- _Dataset entries_
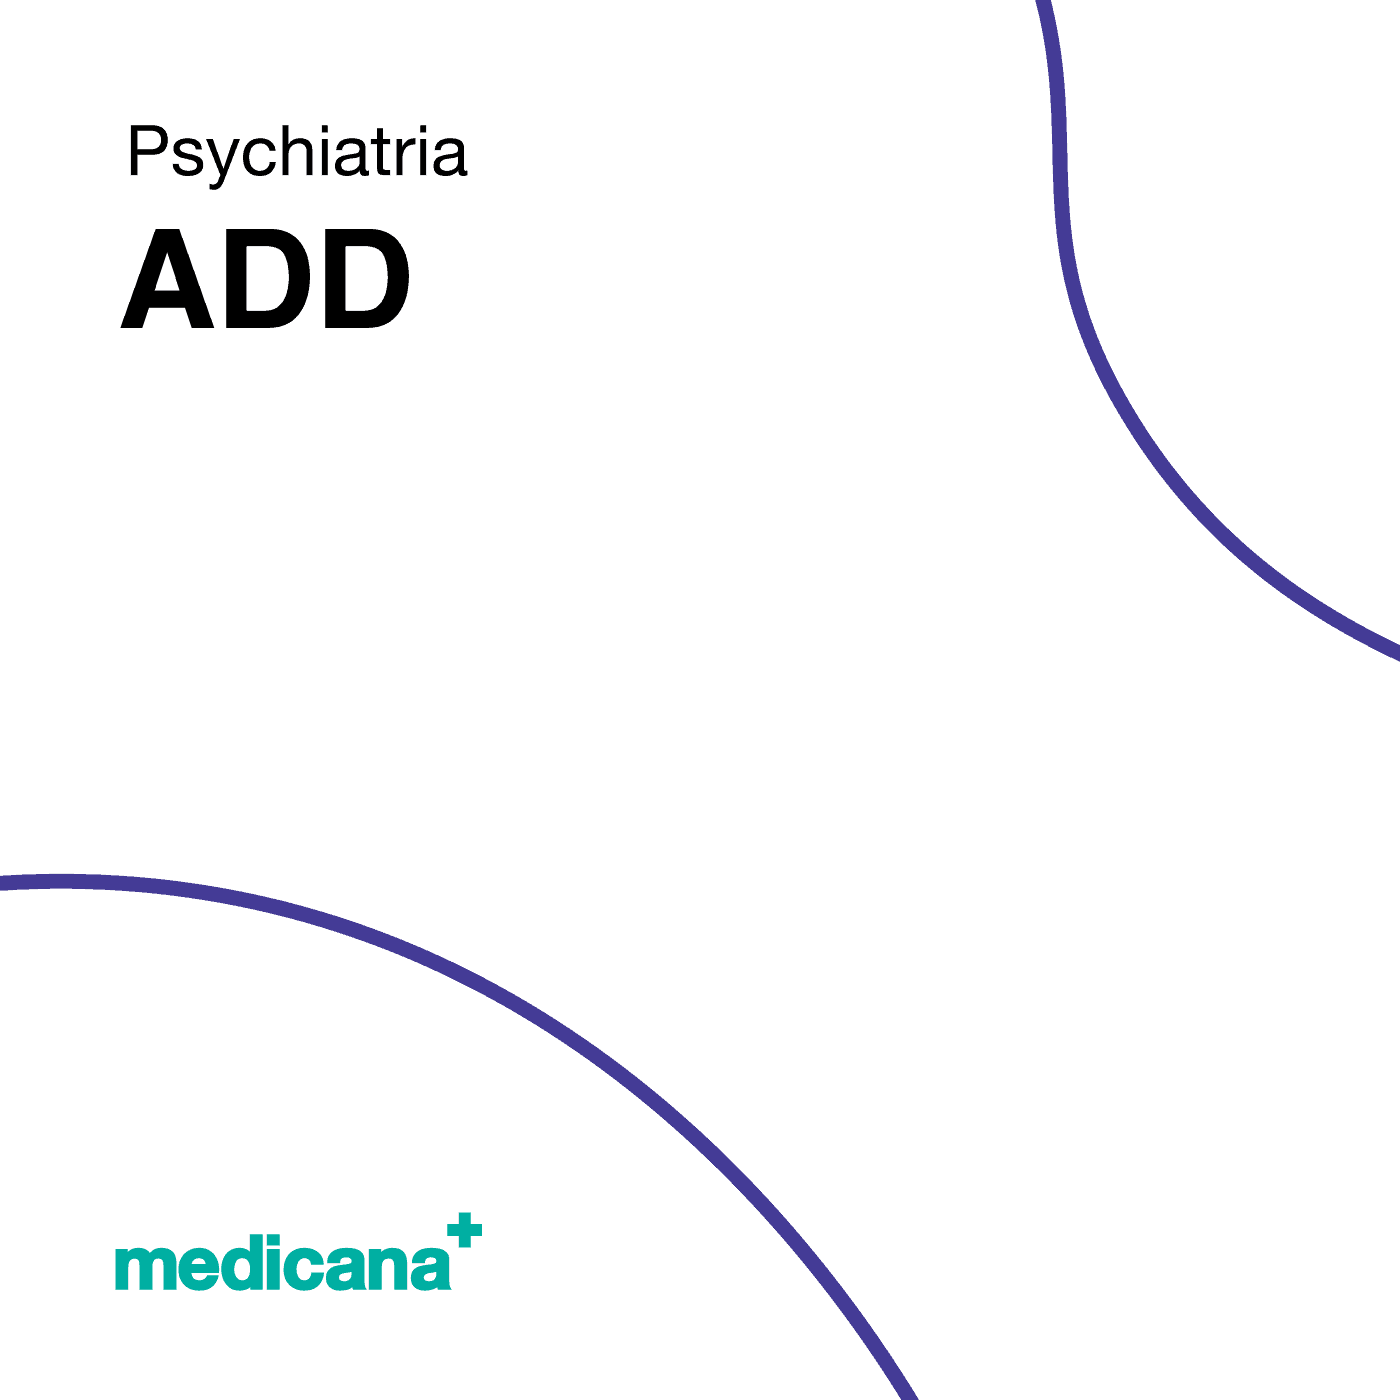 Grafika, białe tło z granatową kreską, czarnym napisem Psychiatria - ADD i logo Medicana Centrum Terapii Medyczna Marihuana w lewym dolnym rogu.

---

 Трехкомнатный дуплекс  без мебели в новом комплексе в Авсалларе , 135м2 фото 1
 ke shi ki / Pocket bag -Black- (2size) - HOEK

- _Task goal_
Take the line above containing "135м2 фото 1", the line containing "ke shi ki /", and all lines in between, and copy them exactly without anything else.

- _Final answer_
 Трехкомнатный дуплекс  без мебели в новом комплексе в Авсалларе , 135м2 фото 1
 ke shi ki / Pocket bag -Black- (2size) - HOEK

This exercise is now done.